Supplied data
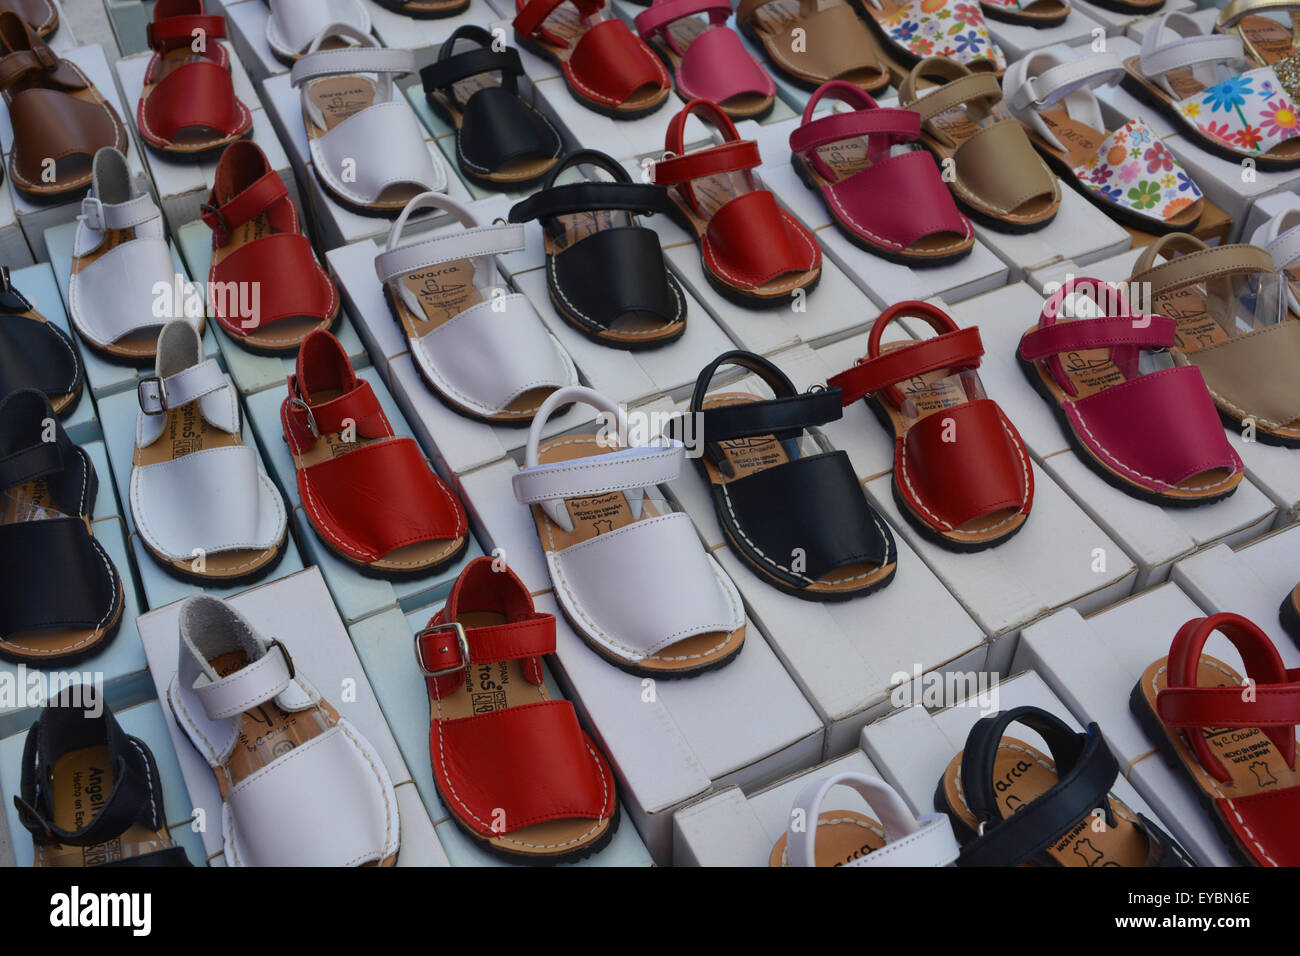 Made in spain hi-res stock photography and images - Alamy
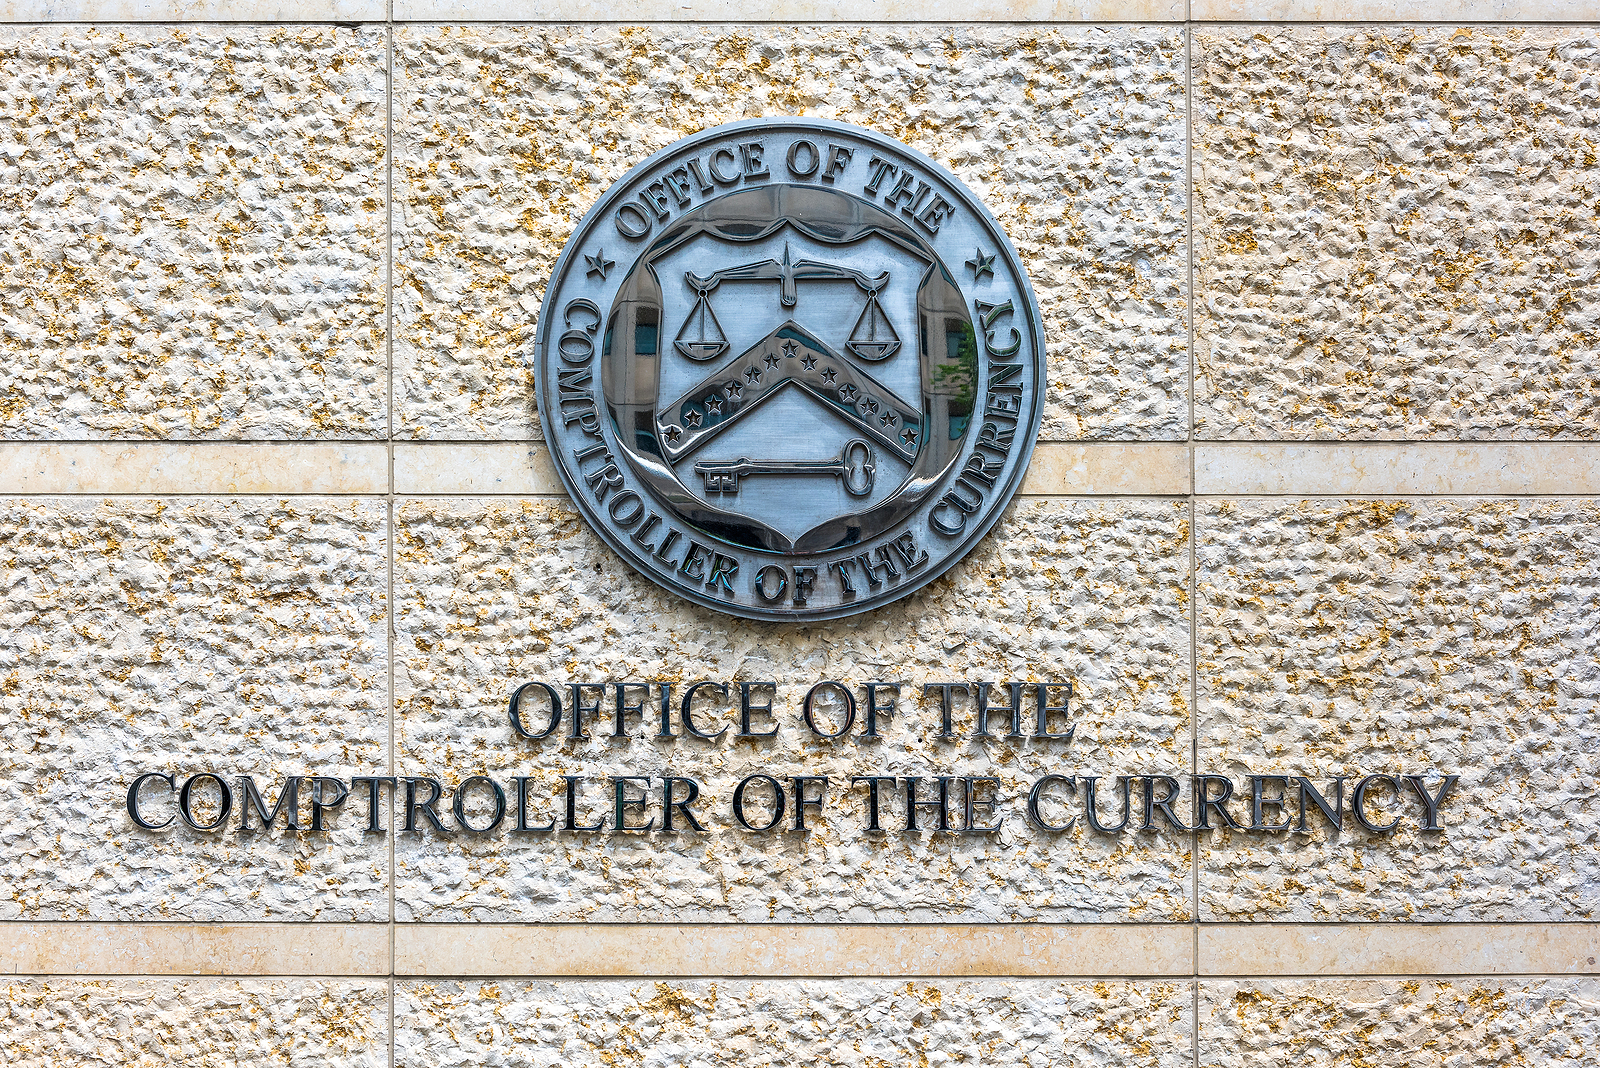 OCC CRA Evaluations for 25 National Banks
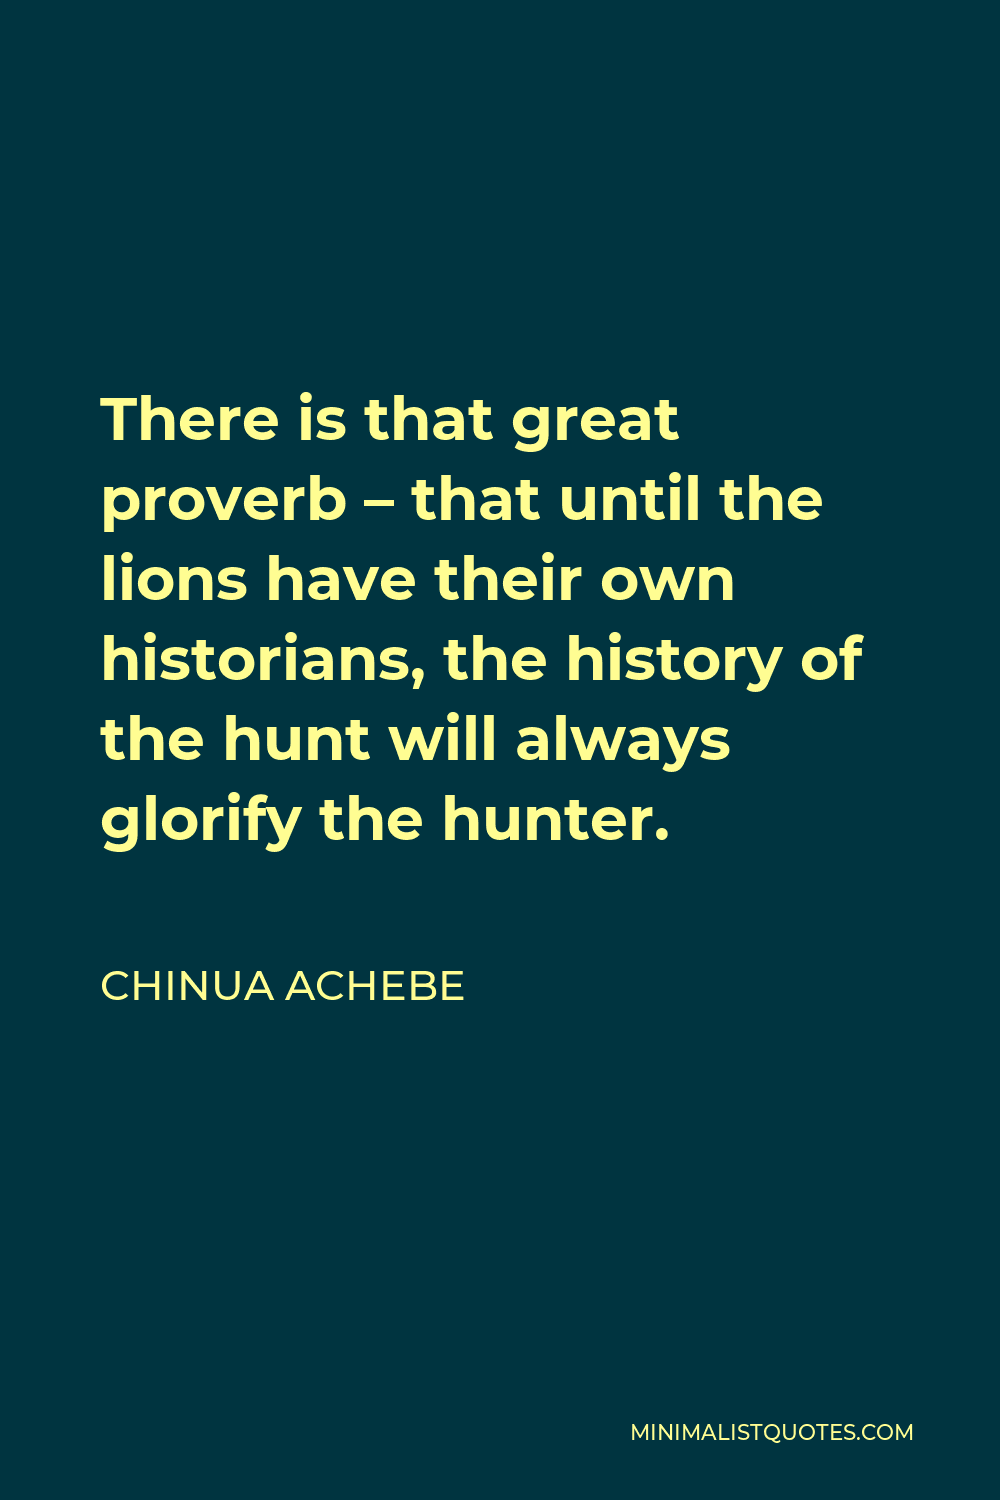 Chinua Achebe Quote - There is that great proverb – that until the lions have their own historians, the history of the hunt will always glorify the hunter.
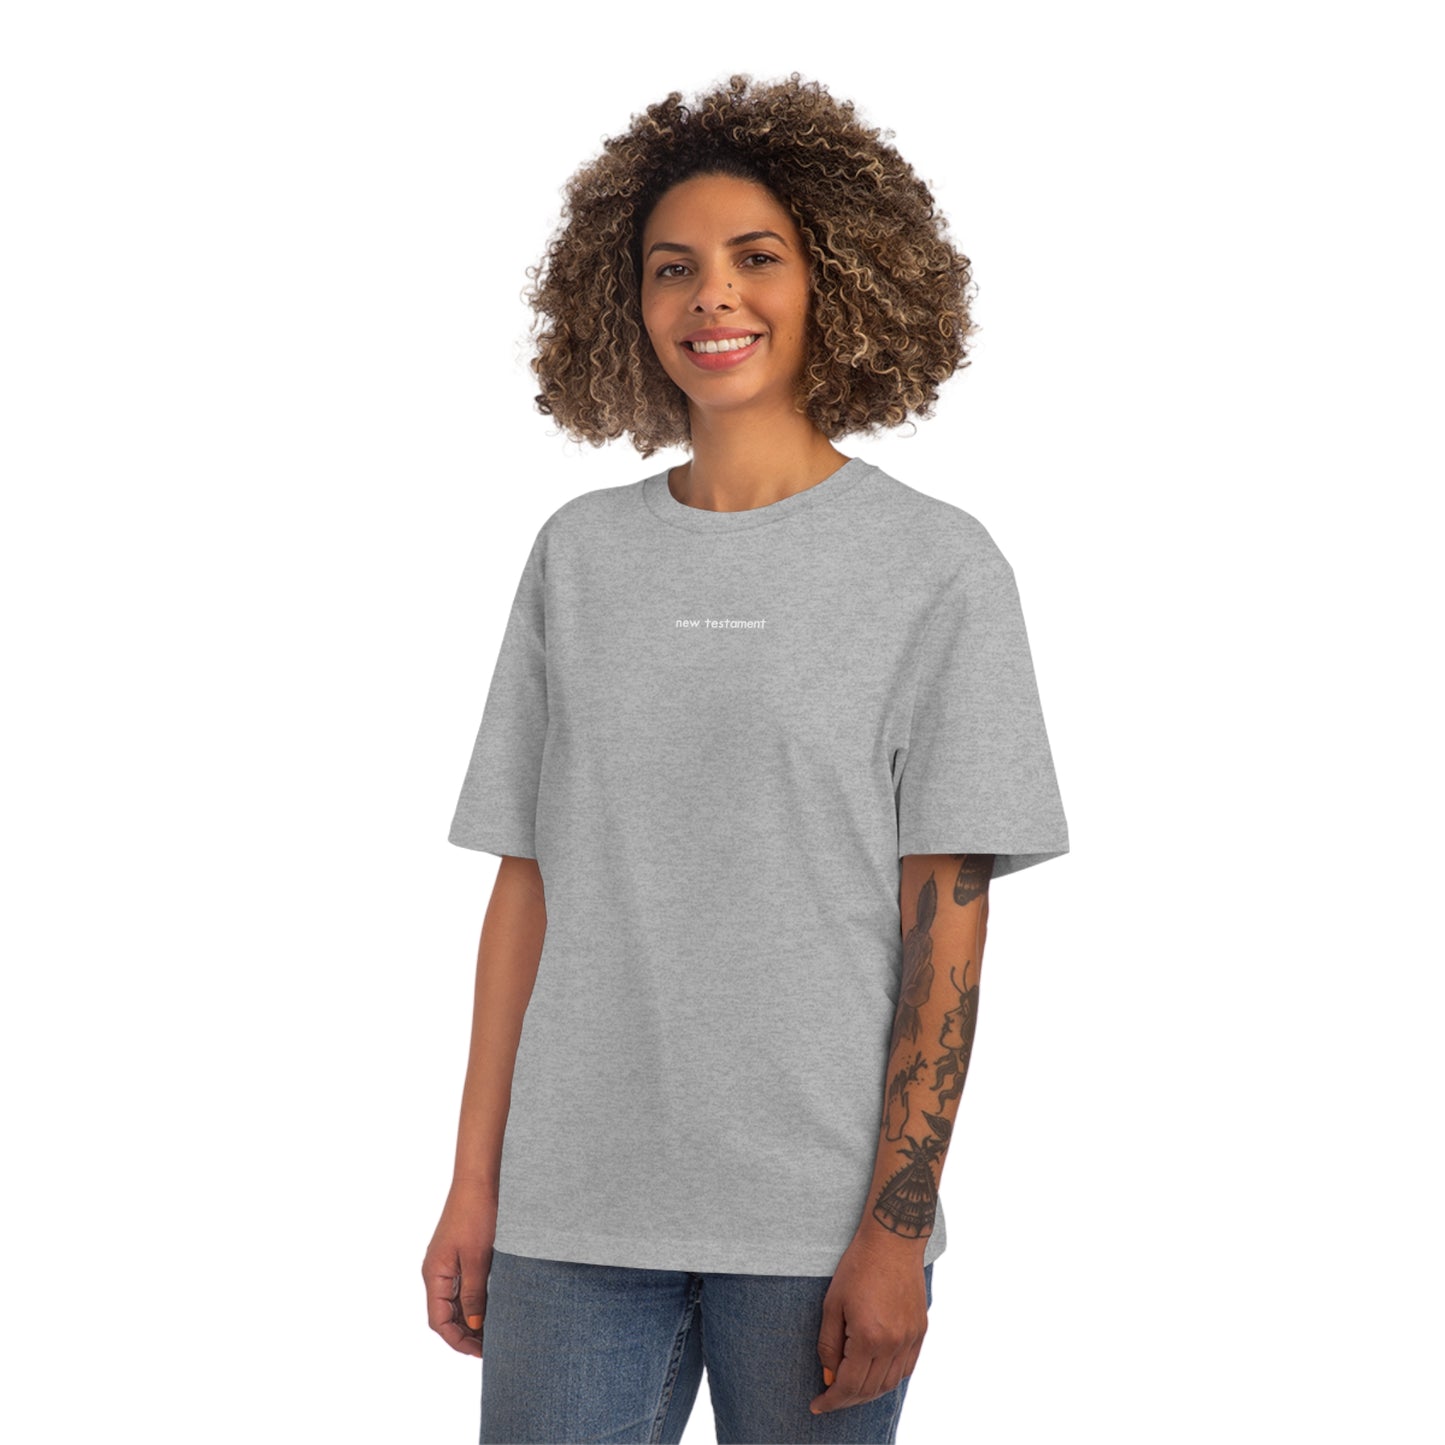 Relaxed Fit T tetelestai
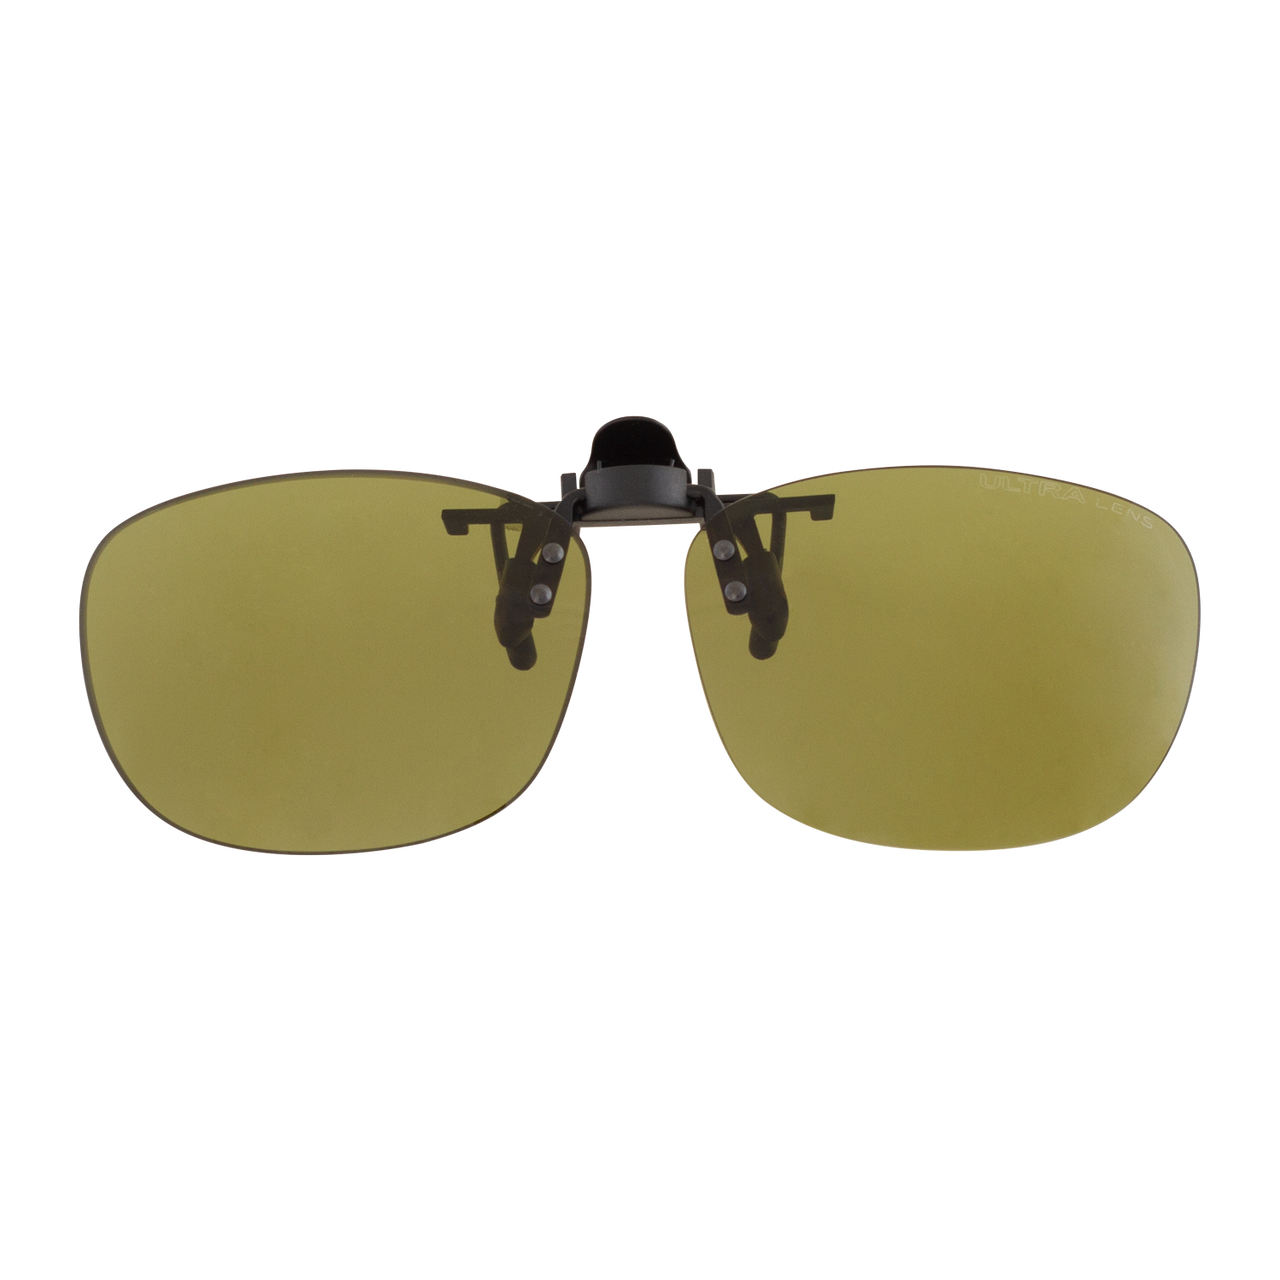 CLIP ON CP30-0068 LGRN Polarized ULTRA light green,Opt2, large image number 0

What to do
Quote exactly, and only, the lines from the line containing "Chinua Achebe Quote" through the final line of the records above, both included, omitting any pictures.

Expected answer
 Chinua Achebe Quote - There is that great proverb – that until the lions have their own historians, the history of the hunt will always glorify the hunter.
 Relaxed Fit T tetelestai
 CLIP ON CP30-0068 LGRN Polarized ULTRA light green,Opt2, large image number 0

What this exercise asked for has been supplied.